For the records below, output word for word the lines from the one with "Lace-up Cami Top vest151215001" up to and including the one with "Châu Bùi, Phí". No pictures.

*Input for this task*:

_ _ _ _

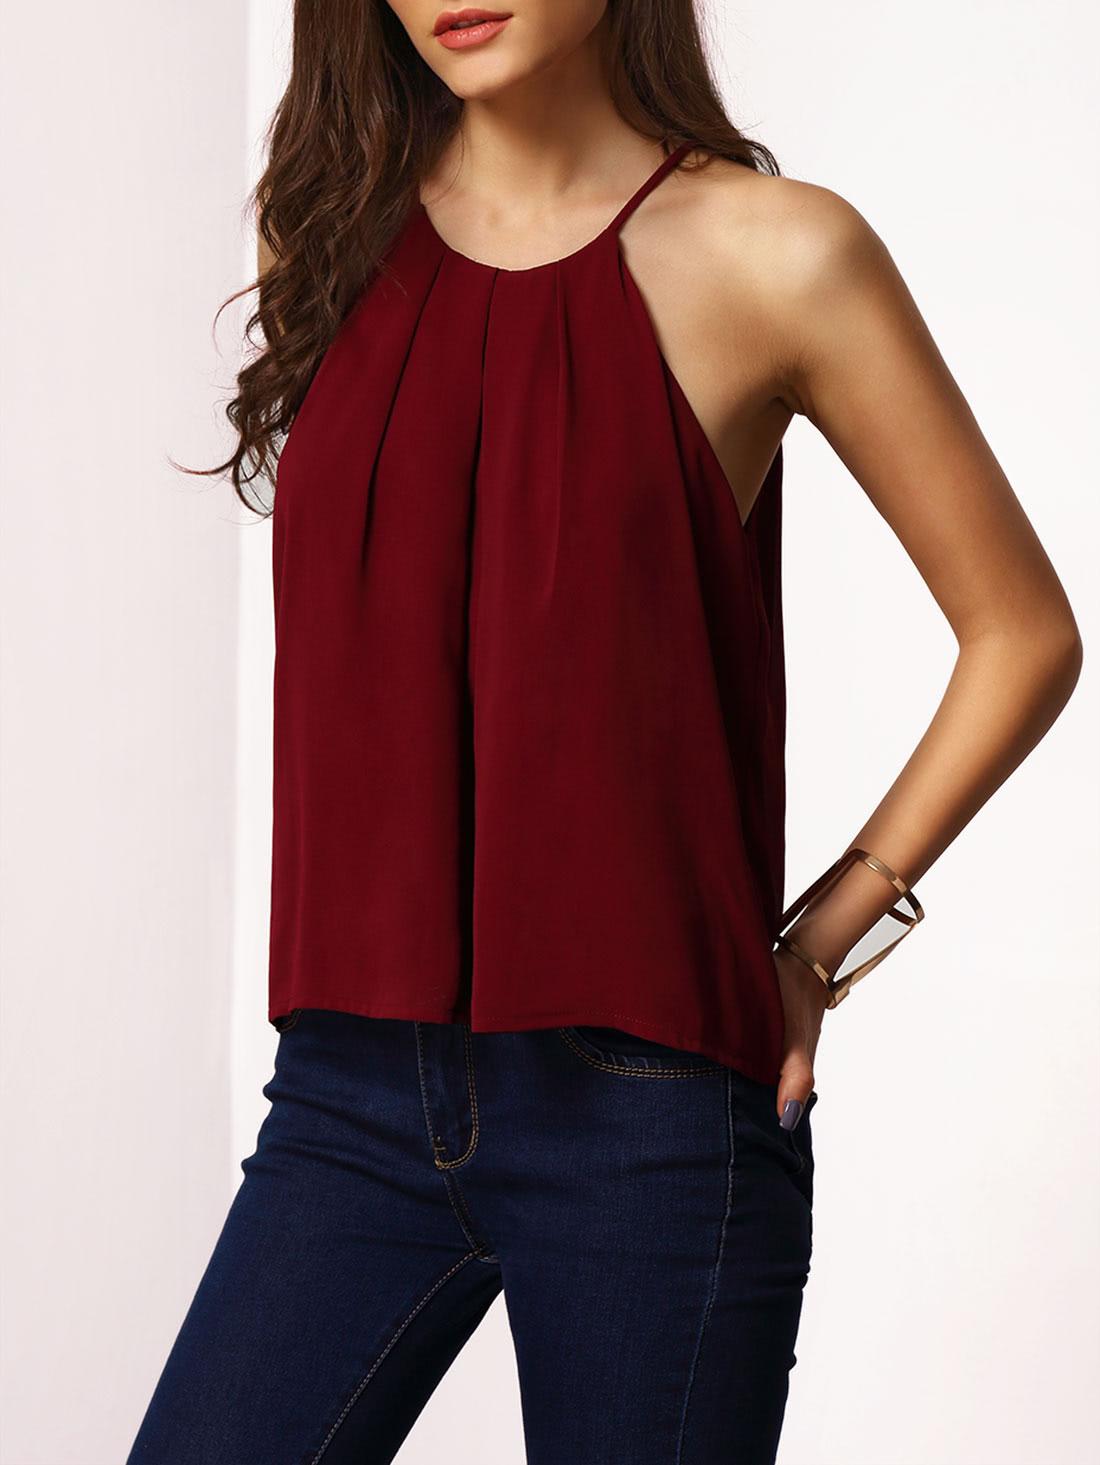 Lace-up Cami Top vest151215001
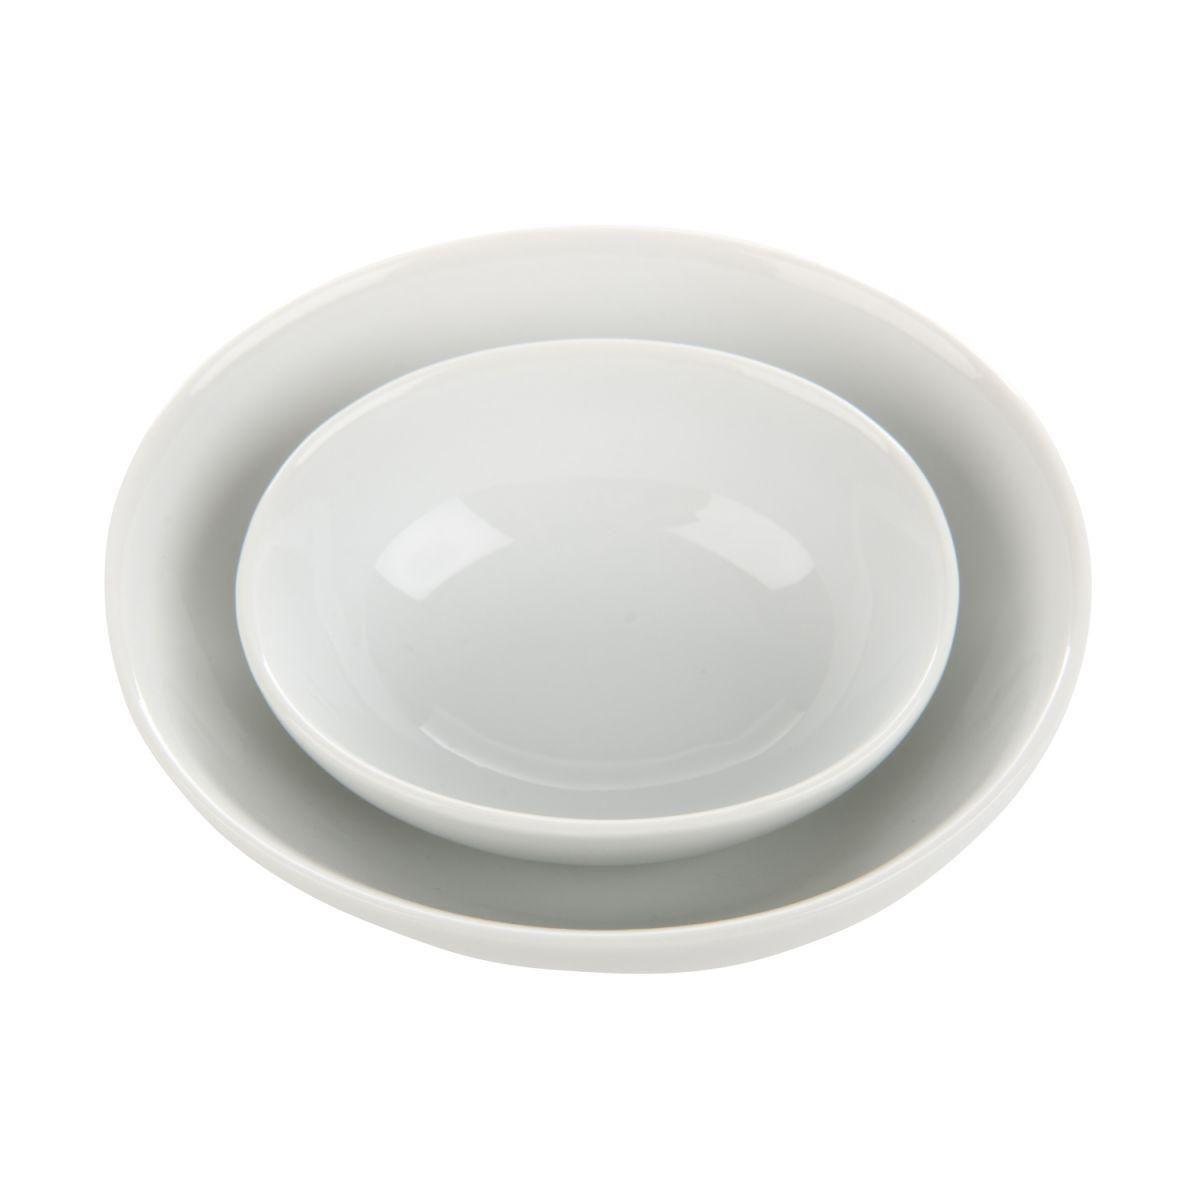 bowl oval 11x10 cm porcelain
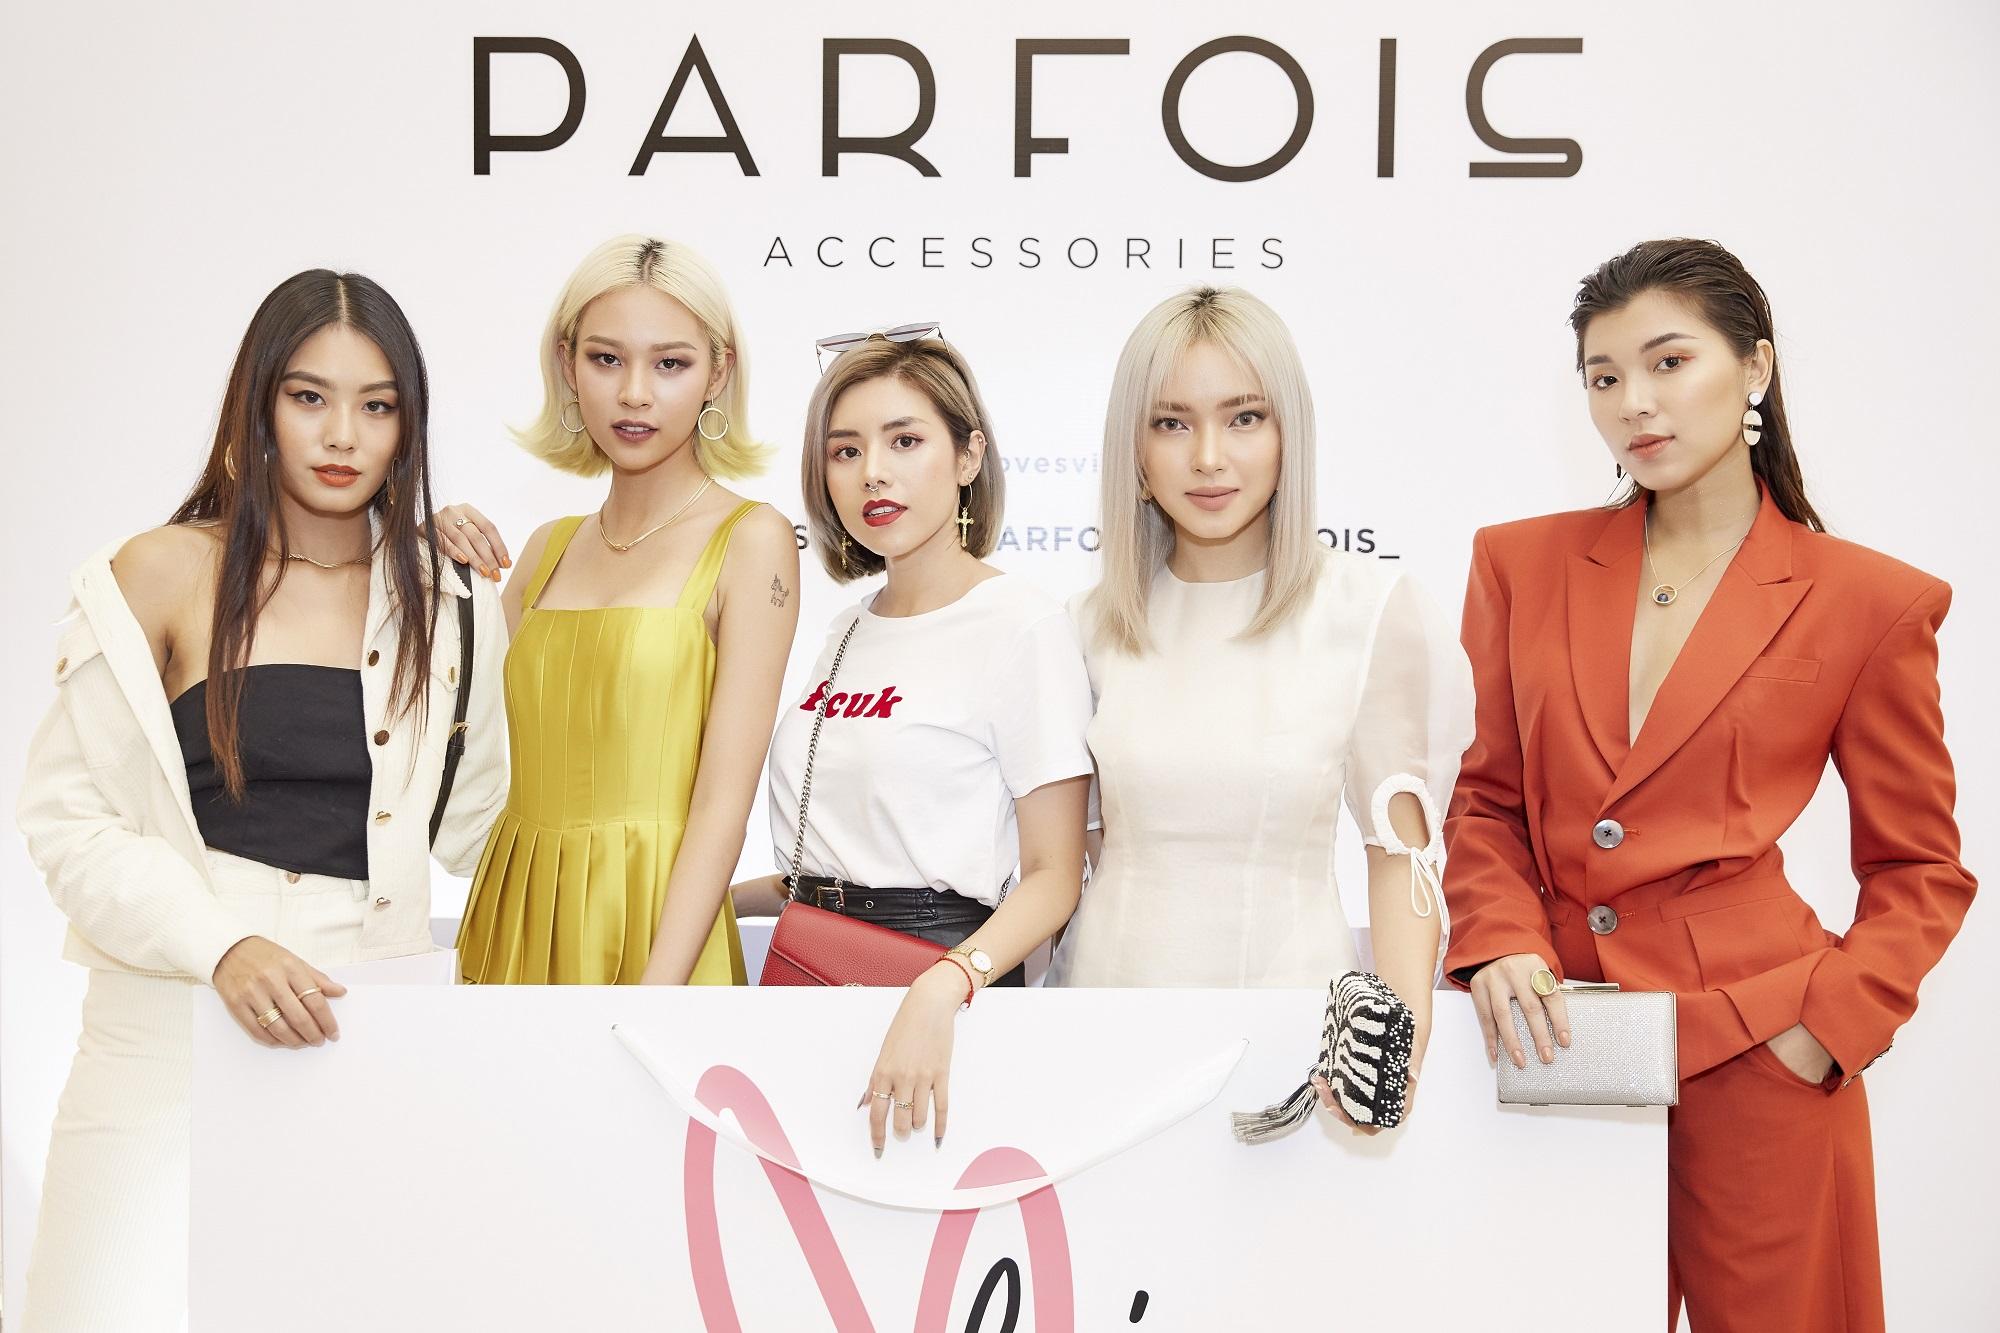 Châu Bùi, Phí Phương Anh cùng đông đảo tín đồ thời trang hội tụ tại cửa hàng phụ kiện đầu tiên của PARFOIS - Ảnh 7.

_ _ _ _

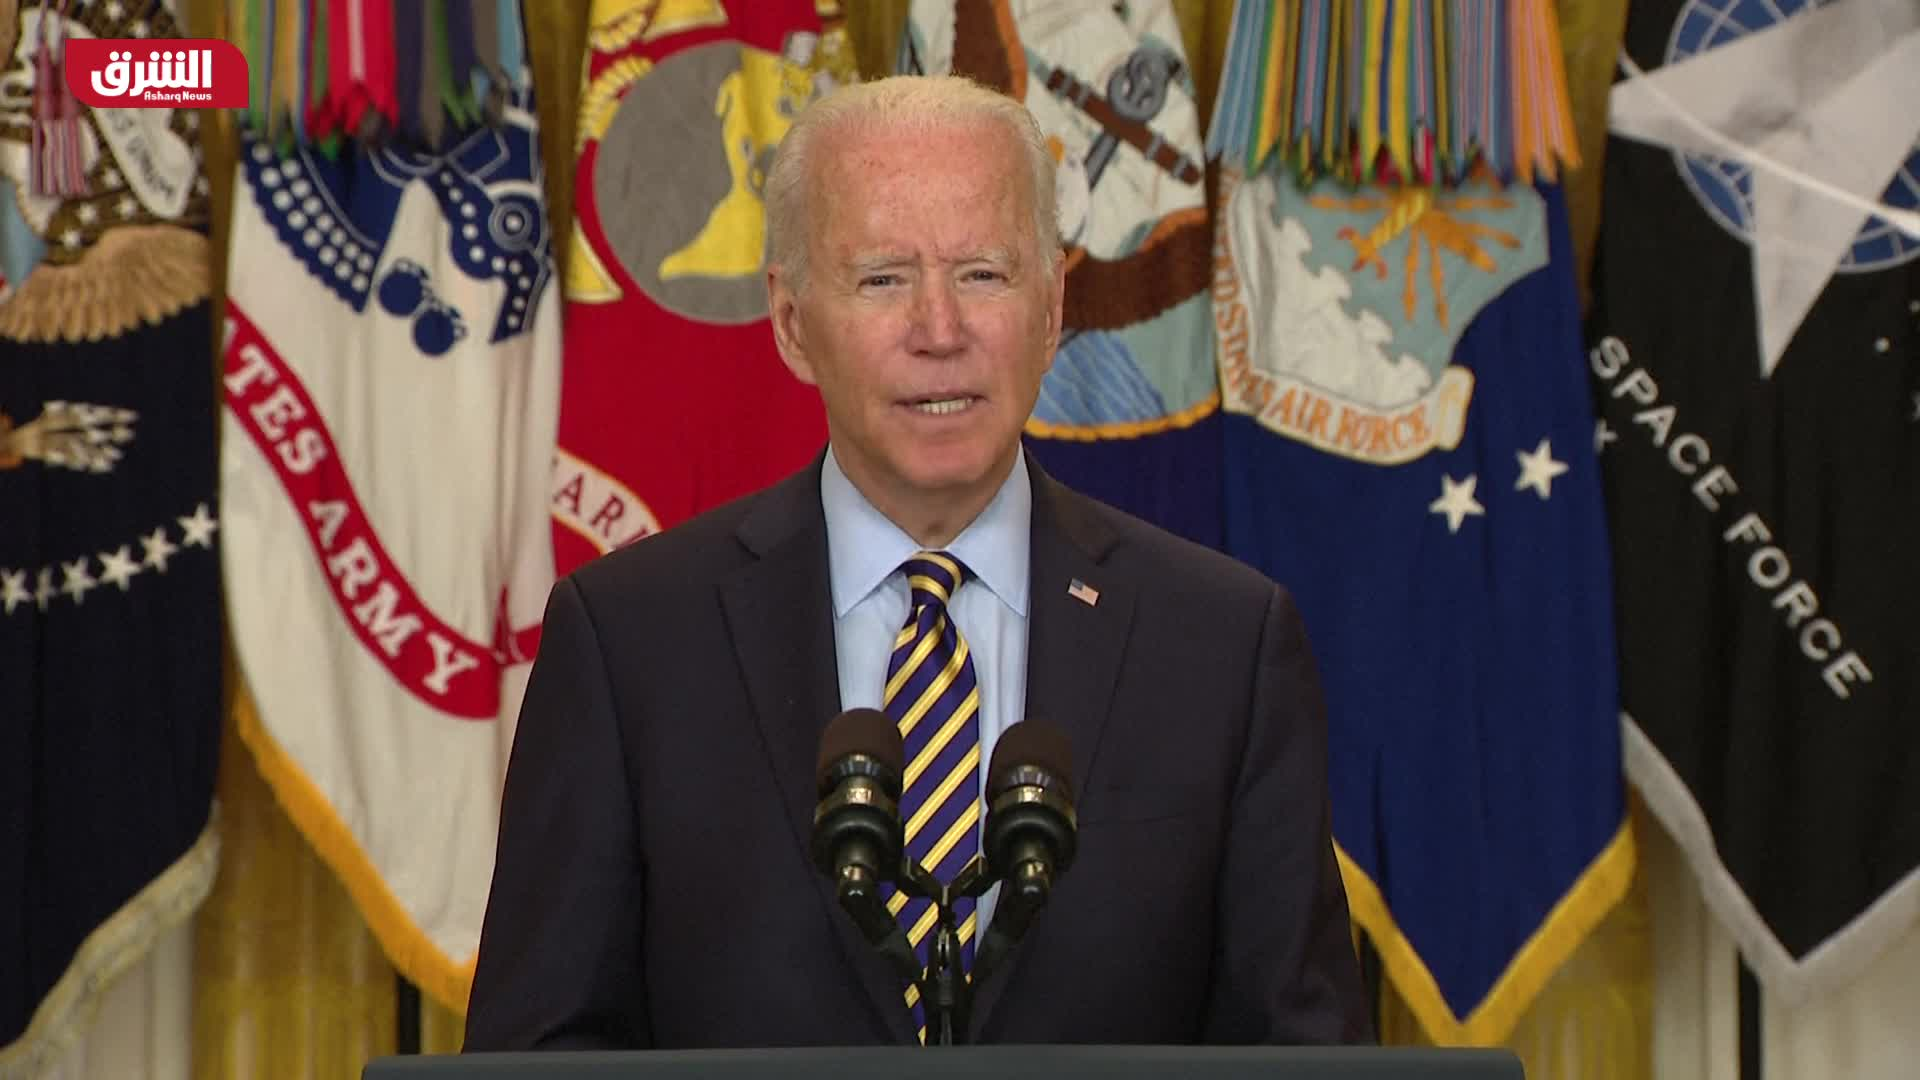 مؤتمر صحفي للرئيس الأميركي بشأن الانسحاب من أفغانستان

_ _ _ _

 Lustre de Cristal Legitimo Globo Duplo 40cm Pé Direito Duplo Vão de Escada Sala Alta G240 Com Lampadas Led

_ _ _ _

*Finished task*:
 Lace-up Cami Top vest151215001
 bowl oval 11x10 cm porcelain
 Châu Bùi, Phí Phương Anh cùng đông đảo tín đồ thời trang hội tụ tại cửa hàng phụ kiện đầu tiên của PARFOIS - Ảnh 7.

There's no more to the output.